Ridge board held in place:





Cutting bird's mouth on rafters:





Roof framing done and some braces added.





I'm really not sure what I'm doing next - I might roof it or least get the OSB boards up. 

Do you reckon it's worth adding any polythene sheeting for a storage shed? If so how do I do that? And I guess it's too late to bother with DPC - again didn't think it was necessary for this sort of shed.

Costs so far:
Floor joists, floor boards: £100 (B&Q)
Wall and roof framing timber: £100 (with a fair bit of 2x1 left over) (Tavistock Woodland Saw mill)

So considering cladding will be at least £200 and roofing probably £150 it's not cheap! 

Any comments and suggestions always welcome.

Cheers

Gidon


----------



## DaveL (5 Nov 2008)

Gidon,

Have I read that right, you framed the walls with 2*1 timber? If so I would want to add the skin the walls before I worked on the roof, for fear of it all toppling over. I also think you need a few more braces in the walls to stabilise them, so maybe that 2*1 was not really over?


----------



## gidon (6 Nov 2008)

Yes you read it right Dave!
I think you're right I should clad the walls first! I'm scared of how much it'll cost!
Cheers
Gidon


----------



## wizer (6 Nov 2008)

I'm sure 1" will be fine once the cladding is on. You're right the cost of building your own shed is not cheap. Especially when you look at the pre-fab alternatives. But I have never seen one of those that didn't have a saggy or leaky roof (or both). It's such a PITA when an outbuilding develops a fault because, by then, it's normally full the the brim with 'stuff' and more often than not it's the depth of winter (DAMHIKT).

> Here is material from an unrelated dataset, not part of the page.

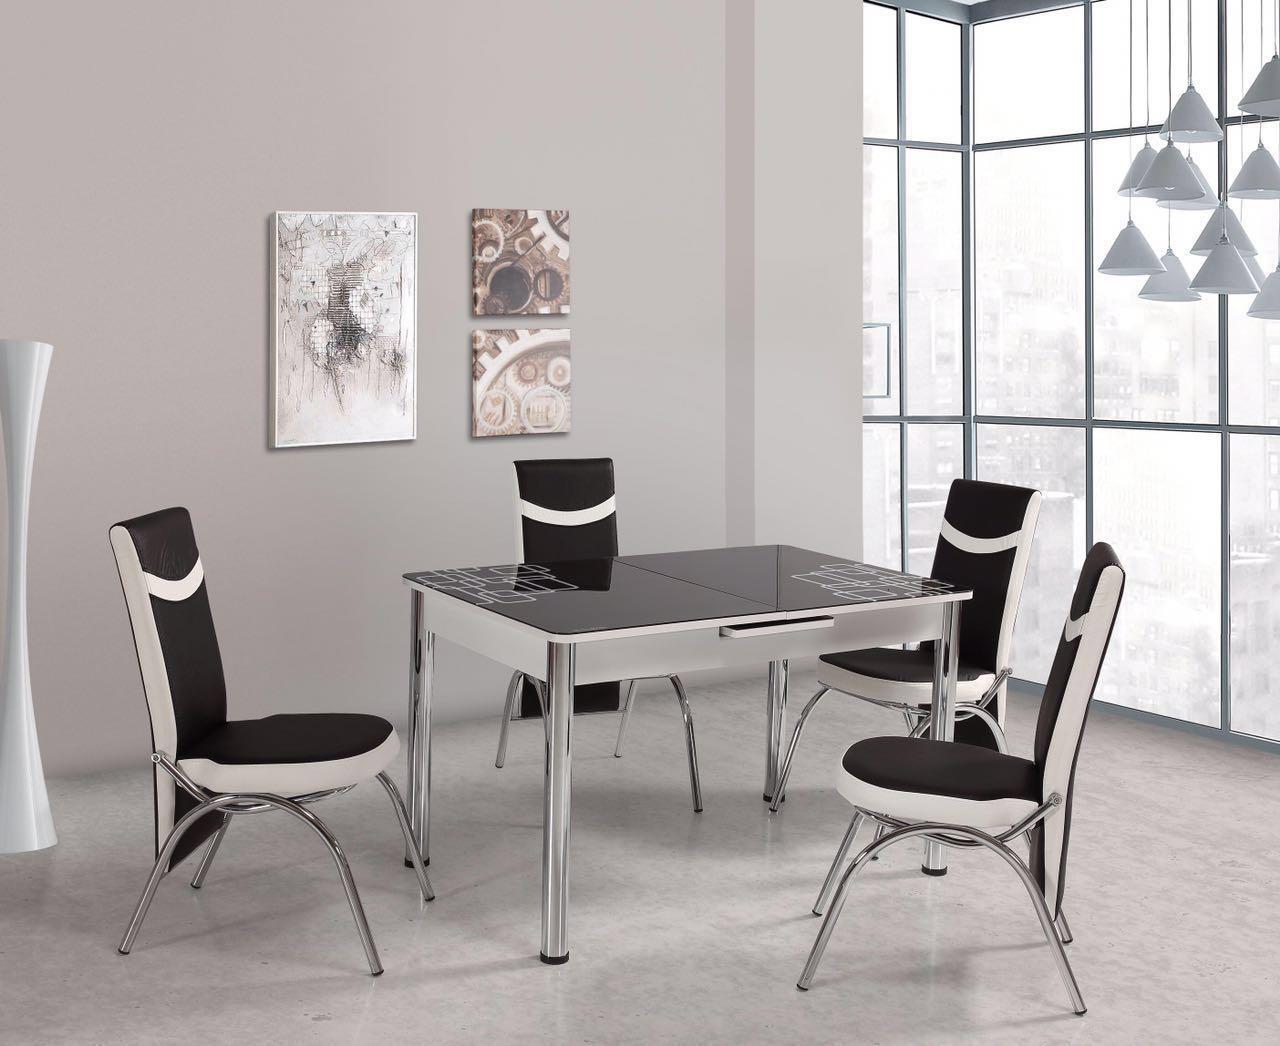 tables mak petit prix nkl meuble wassa et deco. Black Bedroom Furniture Sets. Home Design Ideas

It's looking good. Keep us in the loop.


----------



## MikeG. (6 Nov 2008)

Gidon,

firstly, polythene...........no, leave it out. If you are worried about damp penetration how about a building paper instead.........but I just wouldn't bother. Polythene, and anything else that is vapour impermeable, will act as a great place for condensation when the moisture levels have a relative difference (ie it is wetter or drier inside compared with out)...........and this will happen whenever the temperature changes. It is this that leads the ignorant to say that polythene sweats.

Secondly, not a big issue here but something to take care of when you build bigger buildings.........your rafters should be either directly above studs, or, if not, the top member of the frame should be beefed up to compensate. It is normal to double up the top plate. Given that this is so lightweight a building I wouldn't bother doing redemptive works now..........just don't clamber about on the roof.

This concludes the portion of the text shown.